We hope this will save cancer patients from unnecessary, and often toxic, therapies that do not work. Particularly in children, many treatment-related side effects can last a lifetime and severely impact their quality of life, even when the cancer is cured.
Why Donations to Cancer Research Are Important
Funding for research is incredibly important, both from federal and private sources. It allows us to take risks to develop innovative technologies and make discoveries that can be infused back into our communities in the form of new treatments and diagnostics.

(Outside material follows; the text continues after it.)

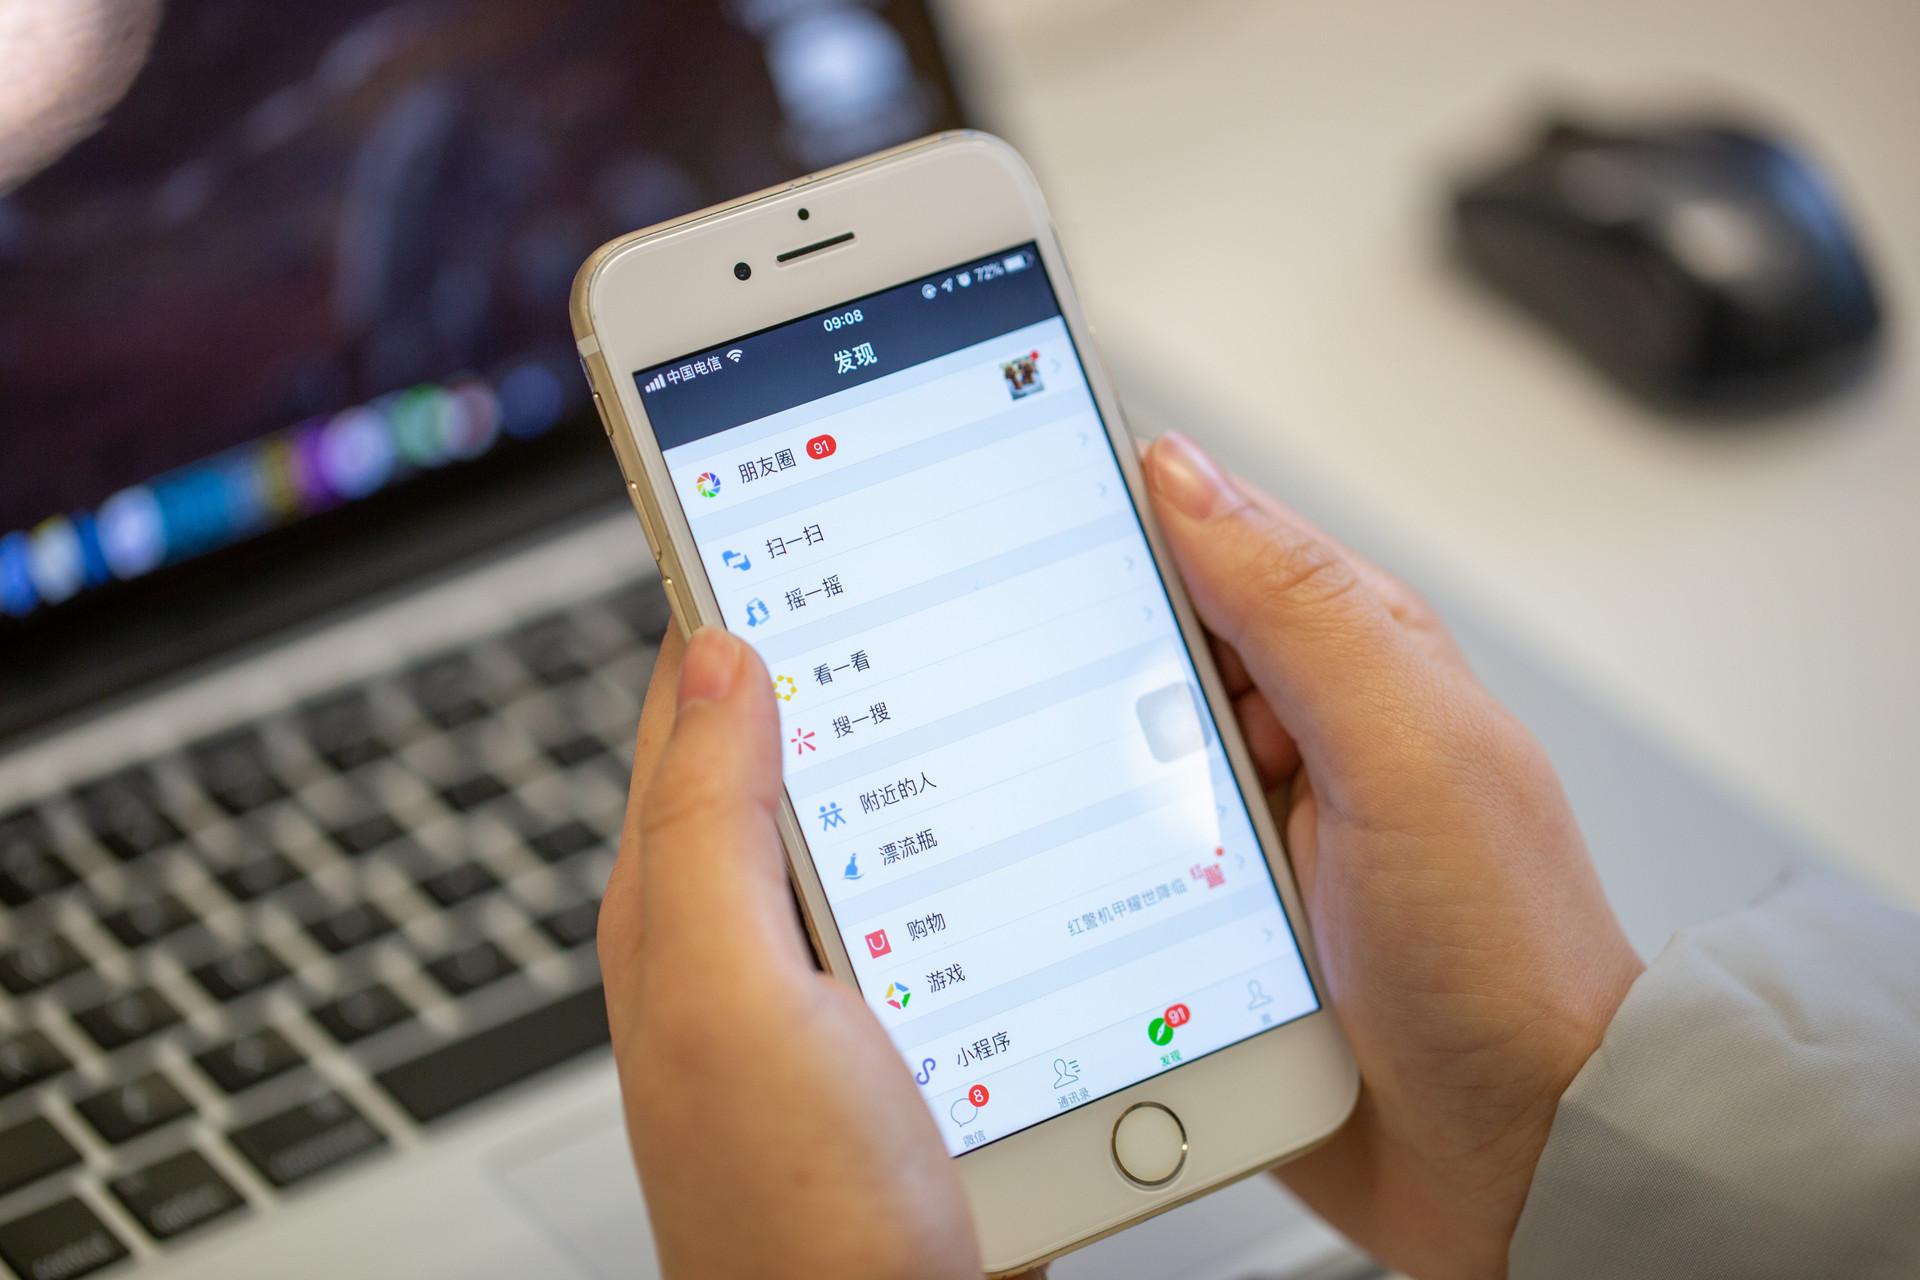 微信怎么拒收消息不拉黑(没拉黑名单,显示拒收)
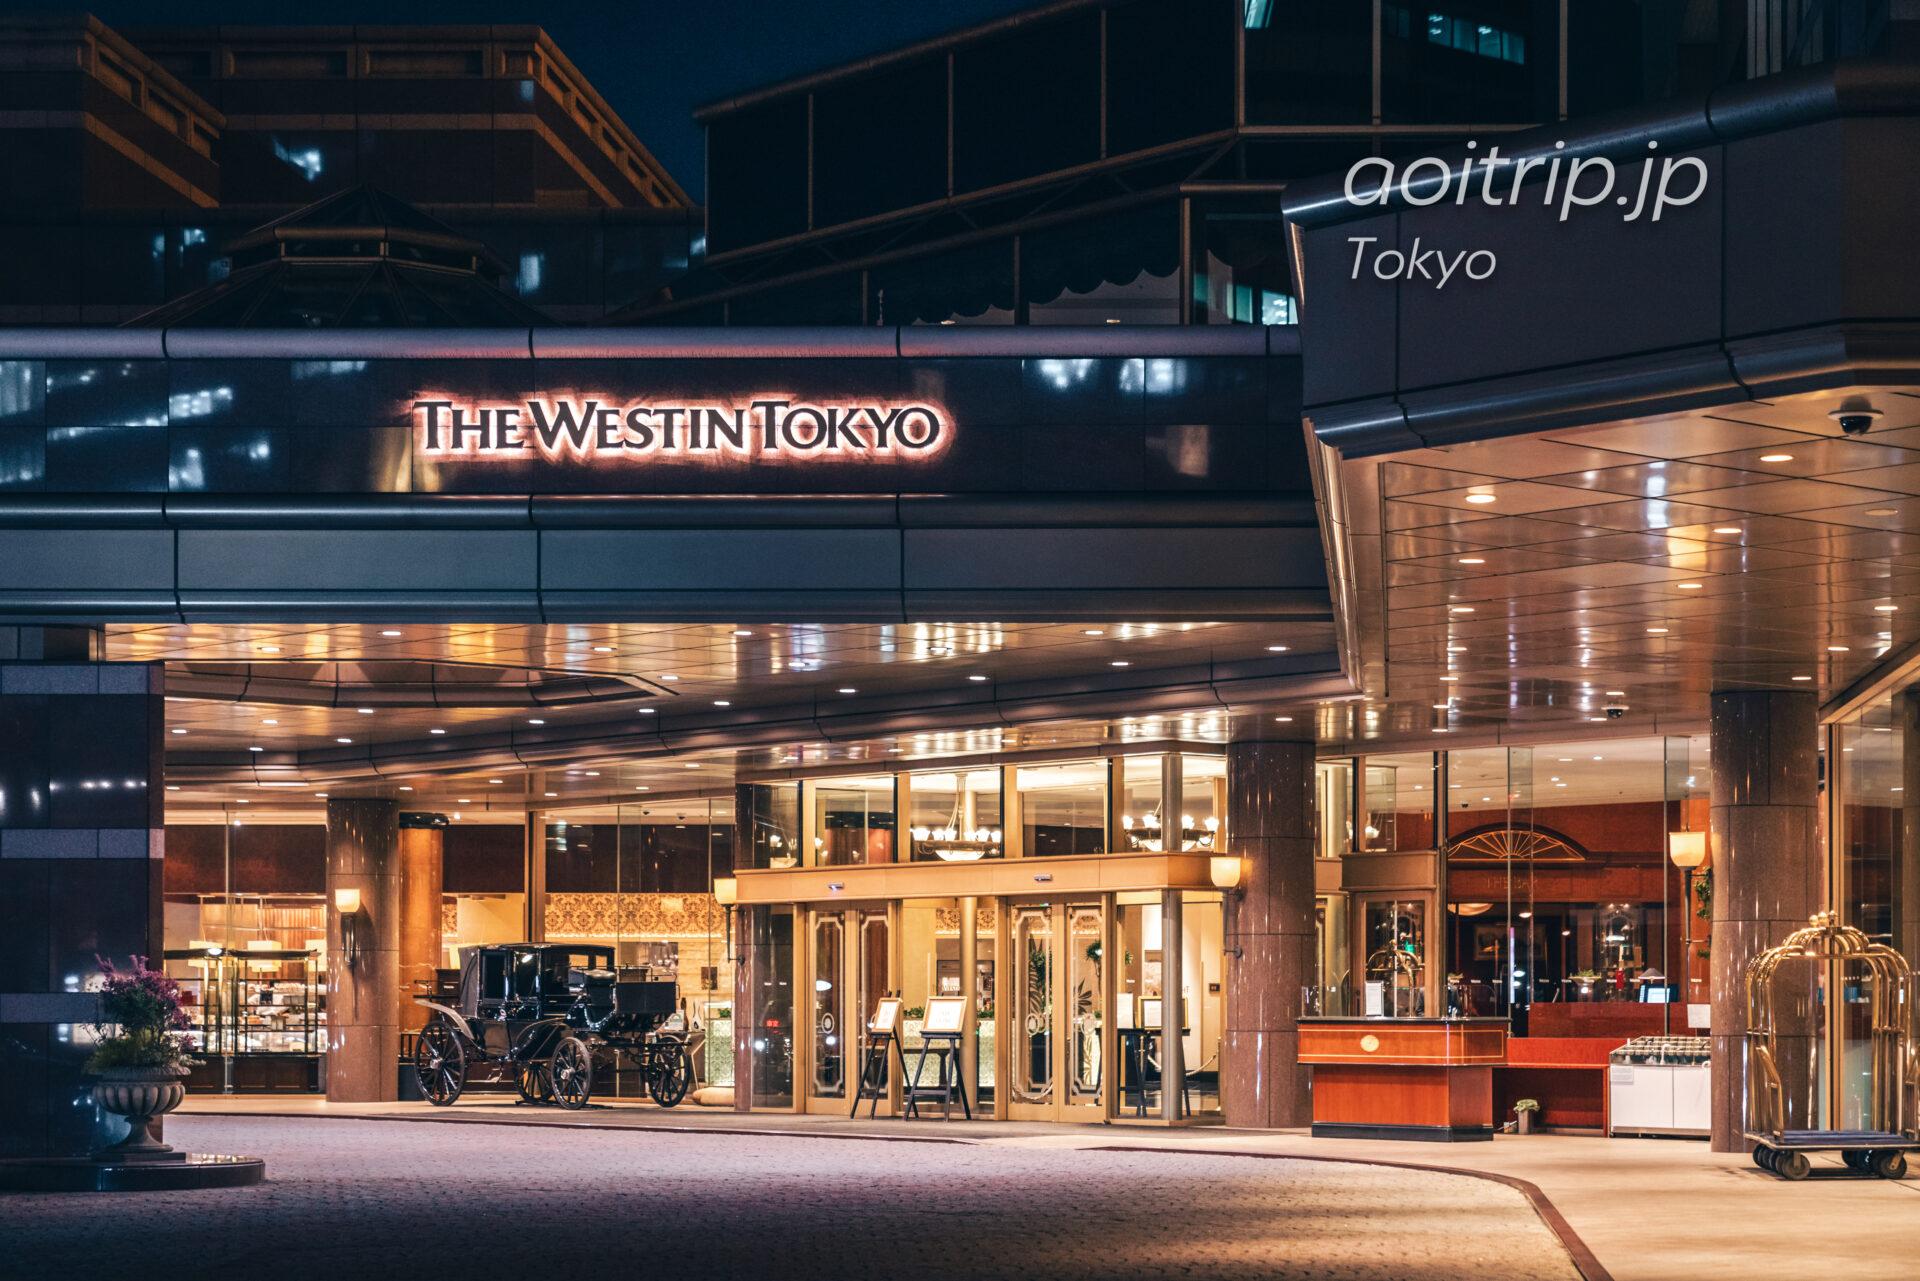 ウェスティンホテル東京 宿泊記|The Westin Tokyo ホテルのエントランス

Funding from private donations and foundations has been a financial and psychological blessing for our budding young lab. Federal funding typically takes time. It’s important to receive early encouragement to pursue the science we love. It also allows us to pursue high-risk, high-reward projects, like developing safe pediatric imaging technology. I was lucky to find generous funding through private foundations, like 5 for The Fight, within the first year of starting my independent lab. It has energized and encouraged my lab members. I am very grateful for that.
What Inspires Me
We have made so much consistent progress in cancer care, yet there is so much more to do. Meeting people who have faced this disease in my personal and professional life, has been incredibly humbling and inspiring at the same time. It amazes me, that despite going through a very difficult process, patients are hopeful for the future and have faith in the work we do. It drives home the point that all research, whether fundamental or translational, has real-life implications.